## Provided data
Content starts
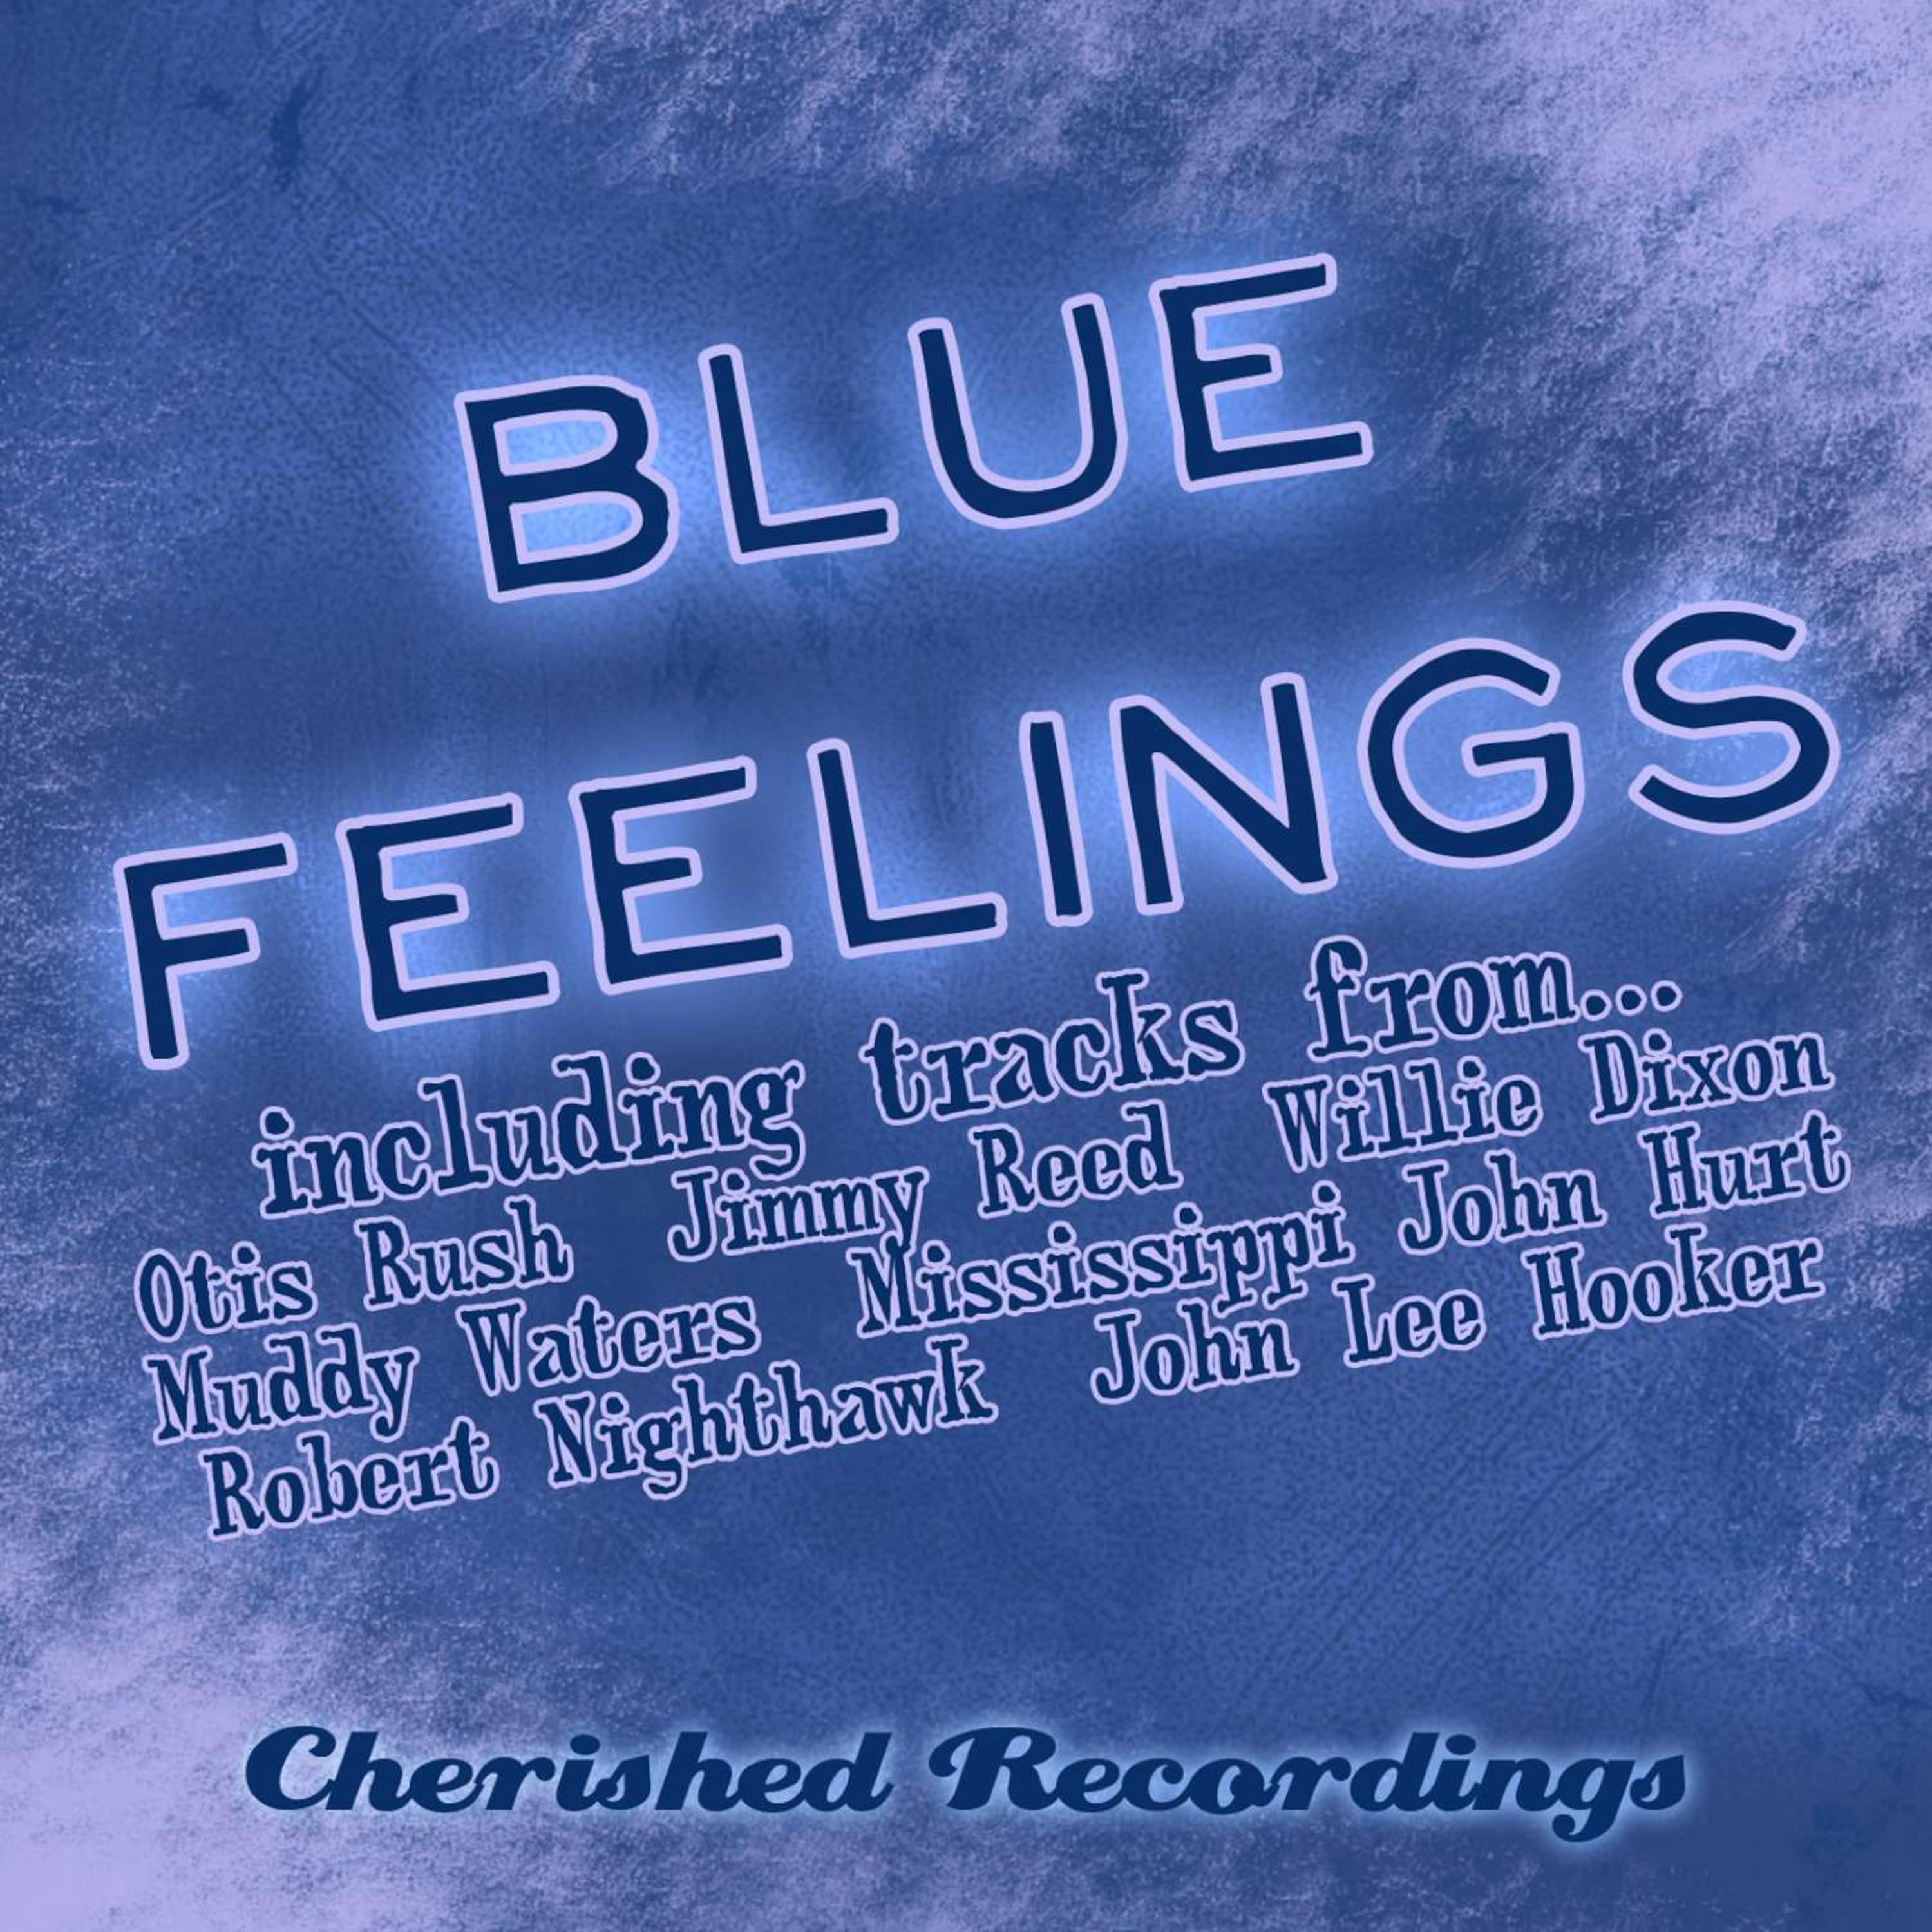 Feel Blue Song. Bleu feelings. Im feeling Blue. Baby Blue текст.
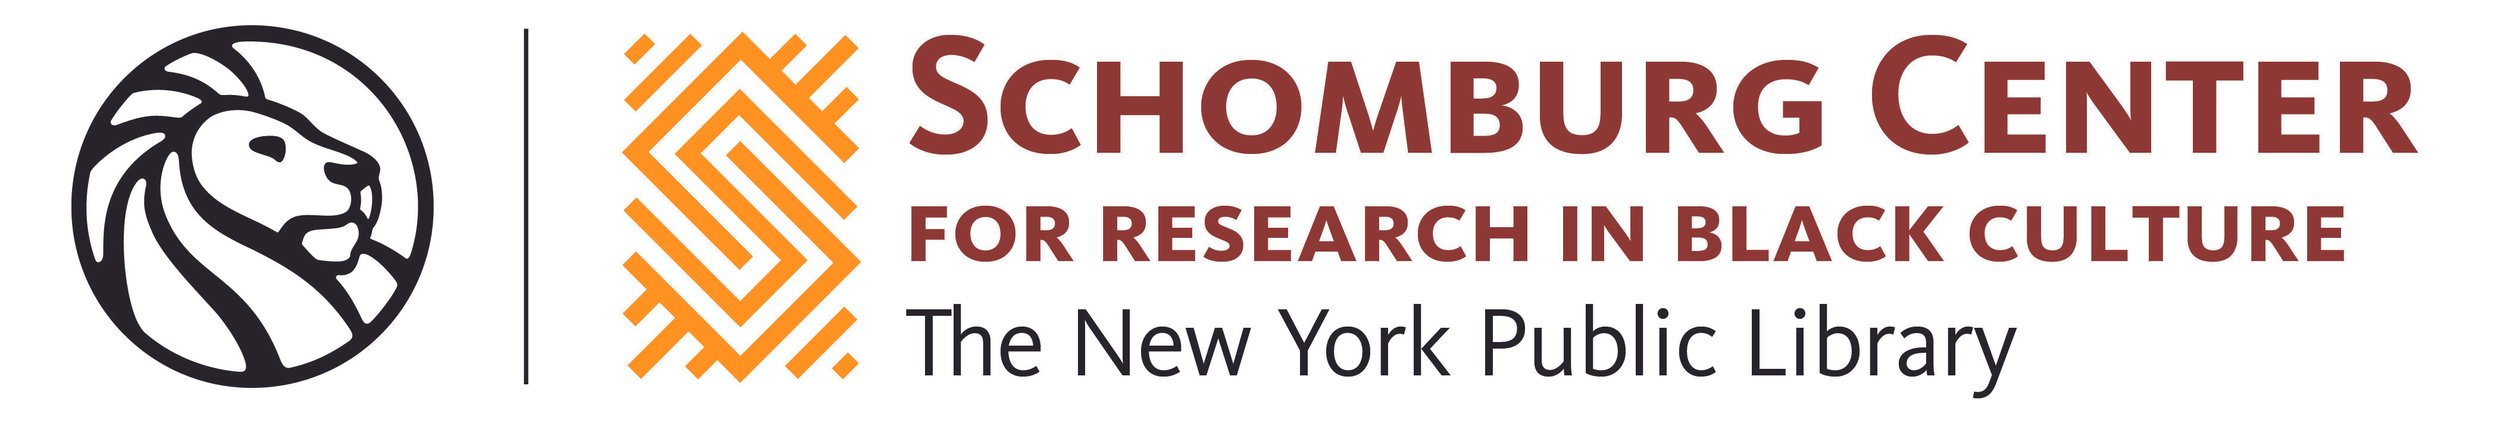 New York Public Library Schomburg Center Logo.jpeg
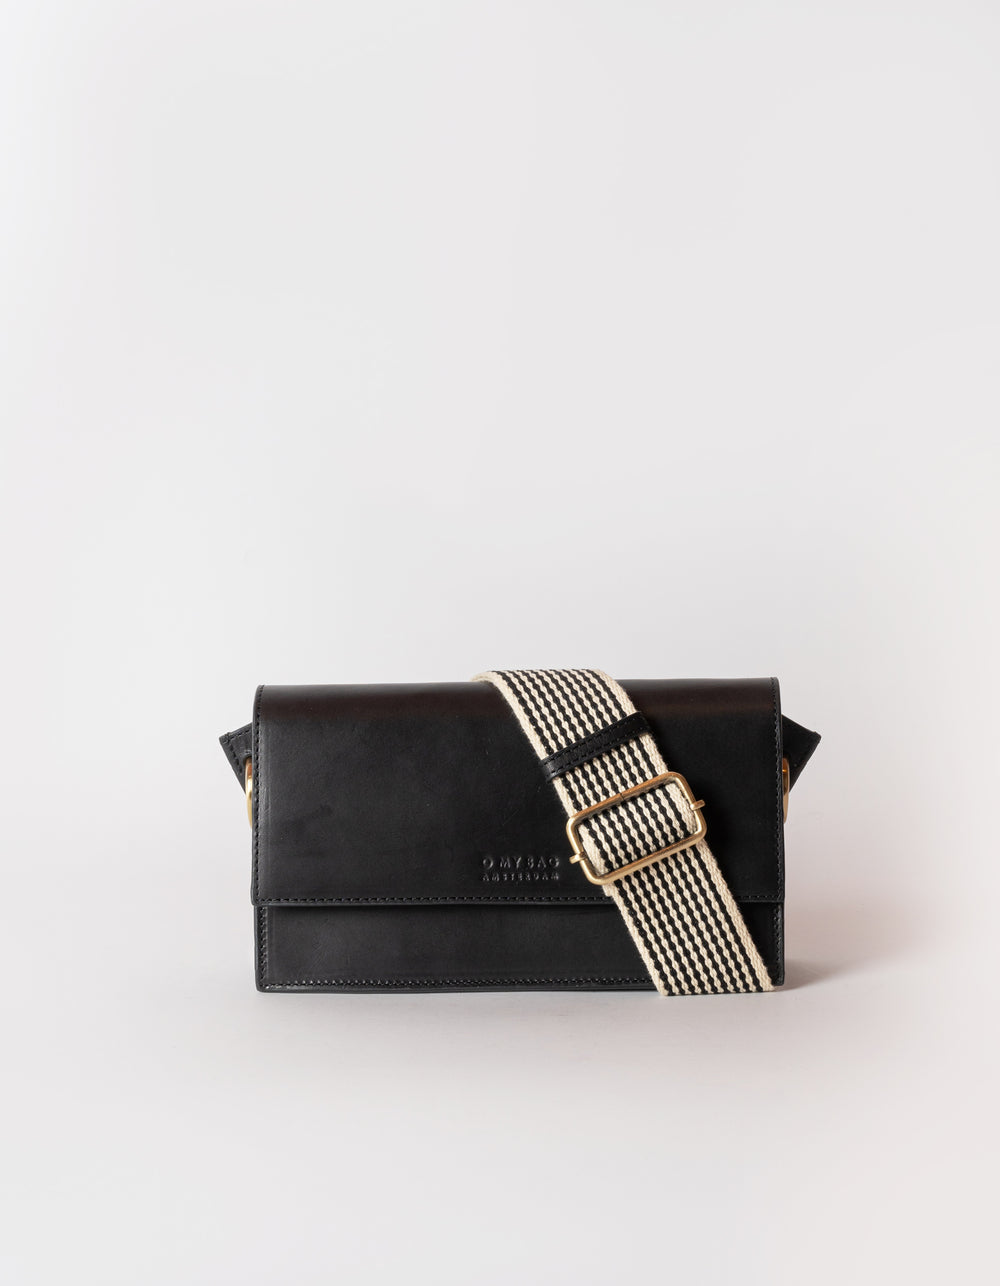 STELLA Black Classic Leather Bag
Content ends
Drop every picture from the data, then output all the rest exactly.

## Output
 Feel Blue Song. Bleu feelings. Im feeling Blue. Baby Blue текст.
 New York Public Library Schomburg Center Logo.jpeg
 STELLA Black Classic Leather Bag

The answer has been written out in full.